Prefetching
Recently Used Data
Data Oriented Design
Access Contiguous Data, and Access it Sequentially
Access a Small Amount of Data Over and Over Again
Conclusion

Structure your data in such a way, that when your code is accessing it, CPU cache hits are maximized.

– Data Oriented Design (fake quote)

Welcome back! Today, we’ll be learning how to structure our code/data in a way that maximizes CPU cache hits! Or minimize cache misses, depending on if you’re a glass half full or half empty typa person!

Prefetching

When your CPU fetches data from memory, it fetches it in chunks of 64 bytes called cache lines. So if you tell the CPU to fetch memory at address x, it will actually fetch x+64 bytes. If later, you tell it to fetch memory at address say x+32, it will already be in the cache! This fact that the CPU fetches data in chunks of 64 bytes is called prefetching.

Recently Used Data

When the CPU fetches a certain memory address, that entire cache line (64 MF’ing bytes) will be in the cache for a while. It may get demoted from L1, to L2, and then eventually to L3, but it will still be in the cache for a bit. Thus if you need to access that same data again in the near future, it will likely be in the cache!

Data Oriented Design

Data oriented design is the goal of structuring your data/code in such a way that you take advantage of these two concepts (prefetching/recently-used-data) in order to maximize cache hits. In other words, you try to maximize cache hits by structuring your data in a certain way (generally contiguously), and then accessing it in a certain pattern (either sequentially or constantly re-access it shortly after).

In essence, you are optimizing for the hardware that you will run on, because you are taking advantage of a hardware feature (CPU cache).

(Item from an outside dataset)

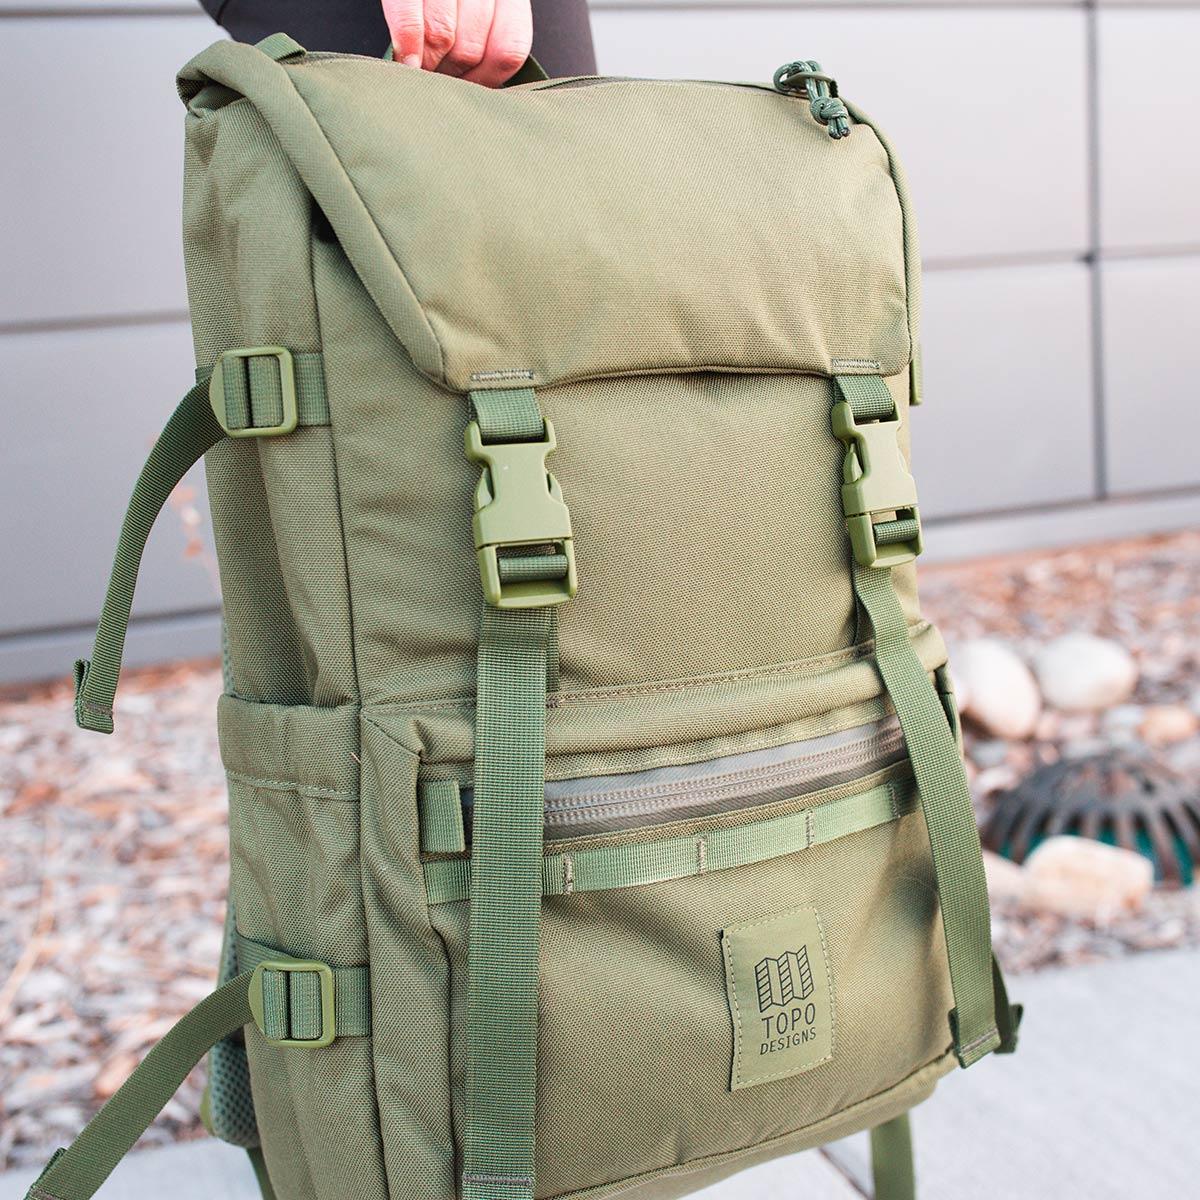 Topo Designs Rover Pack Tech Olive, tijdloze rugzak met moderne functionaliteiten voor dagelijks gebruik

Access Contiguous Data, and Access it Sequentially

By structuring your code such that it accesses contiguous memory sequentlially, you are taking advantage of prefetching, thus maximizing cache hits.

A common approach to achieve this is to use struct of arrays instead of array of structs. In other words, instead of having an array of structures, where each structure represents a different instance of your data, have a single struct, and each field of the struct is an array. For example, the x field of the struct is an array containing all the x values of your data. The y field is an array containing all the y values of your data, and so on.

If your code often accesses a particular field (or particular fields) of all your entities, this approach will take advantage of prefetching as your algorithms run through the arrays.

Access a Small Amount of Data Over and Over Again

Alternatively, if you are accessing the same data over and over again in a short period of time, you are taking advantage of the CPU’s MRU (most recently used) cache.

A common example of this in the wild is tiling. Tiling is the process of breaking up your data into small chunks, and then processing each chunk in its entirety before moving on to the next chunk. Each chunk’s data is small enough that it fits in the CPU’s cache, and each chunk’s data is accessed over and over again. This is generally used in multi-dimensional data, such as images, matrices etc. If you are operating on these multi-dimensional structures, you generally jump around in memory a lot, thus incur cache misses. By breaking the multi-dimensional data into small chunks (not into smaller dimensions!), and then constantly re-accessing the same chunk, you are taking advantage of the CPU’s MRU cache. This “constant” reaccessing of the same data is generally needed for these multi-dimensional algorithms anyways, so it is a perfect fit!

Conclusion

Let’s keep it short, I ordered some Chicken Shawarma and I don’t want it to get cold haha.

Data oriented design is just the goal of structuring your data and your code in such a way that you maximize cache hits.
There is really 2 ways of maximizing cache hits.
One, you can try to take advantage of prefetching, you can do this by simply structuring your data contiguously in memory and then accessing it sequentially.
Two, this one only works if you have a suitable problem (i.e. multi-dimensional data like matrices, images, etc), you can break your data into small chunks, and then process each chunk at a time.

Thanks for reading, have an awesome day! I’m hungry!